WORK TO BE COMPLETED :: Here is the task for the records below: repeat exactly the lines from the one with "Киселева Елена Николаевна" to the one with "Round Cut Three", both included, and nothing else.

DATA ::
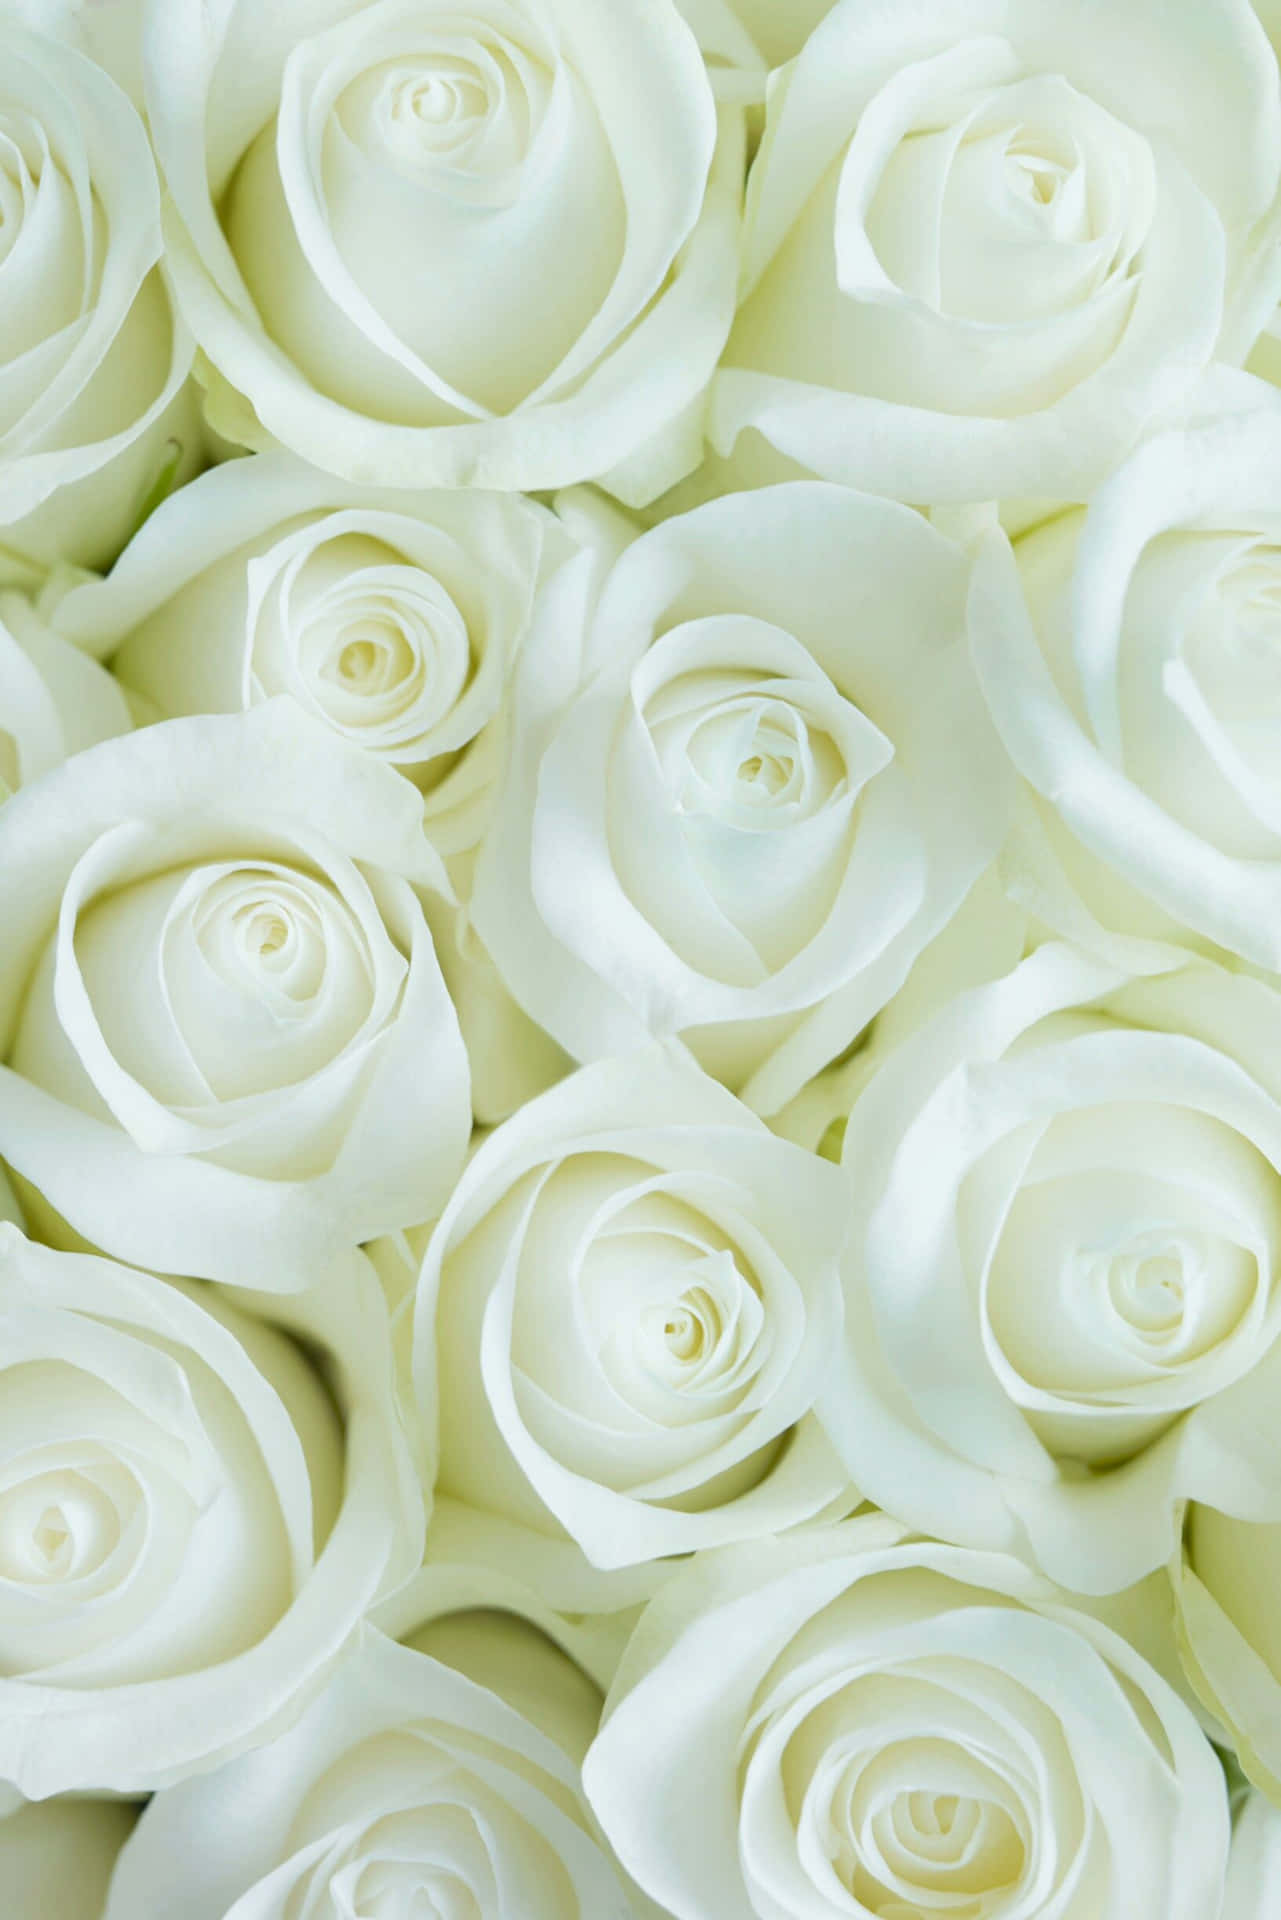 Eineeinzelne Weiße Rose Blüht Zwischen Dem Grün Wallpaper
...
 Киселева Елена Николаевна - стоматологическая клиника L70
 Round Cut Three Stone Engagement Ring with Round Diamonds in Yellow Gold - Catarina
==
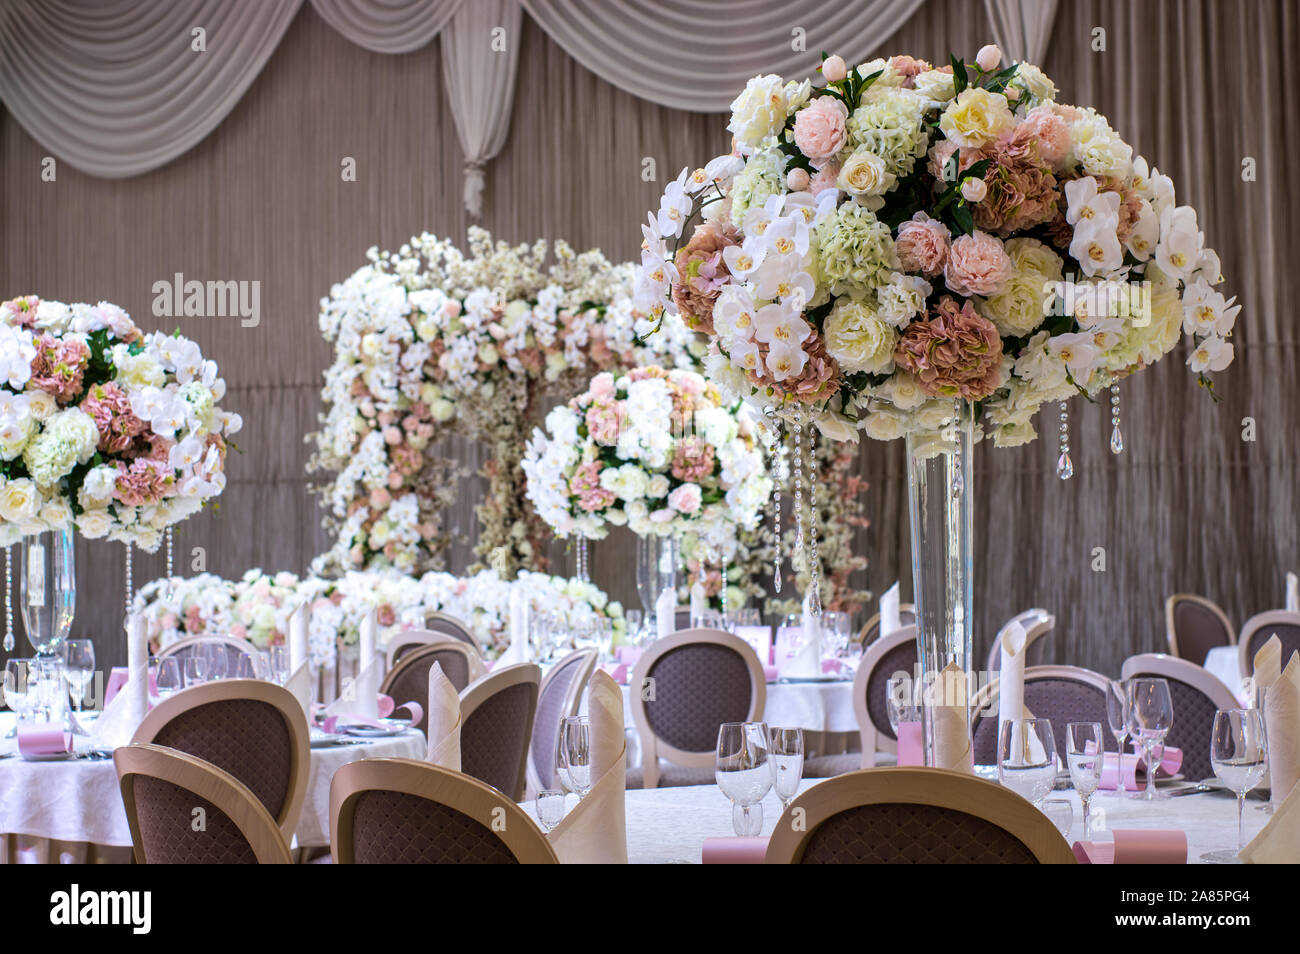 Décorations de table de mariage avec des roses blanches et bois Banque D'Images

REPLY ::
 Киселева Елена Николаевна - стоматологическая клиника L70
 Round Cut Three Stone Engagement Ring with Round Diamonds in Yellow Gold - Catarina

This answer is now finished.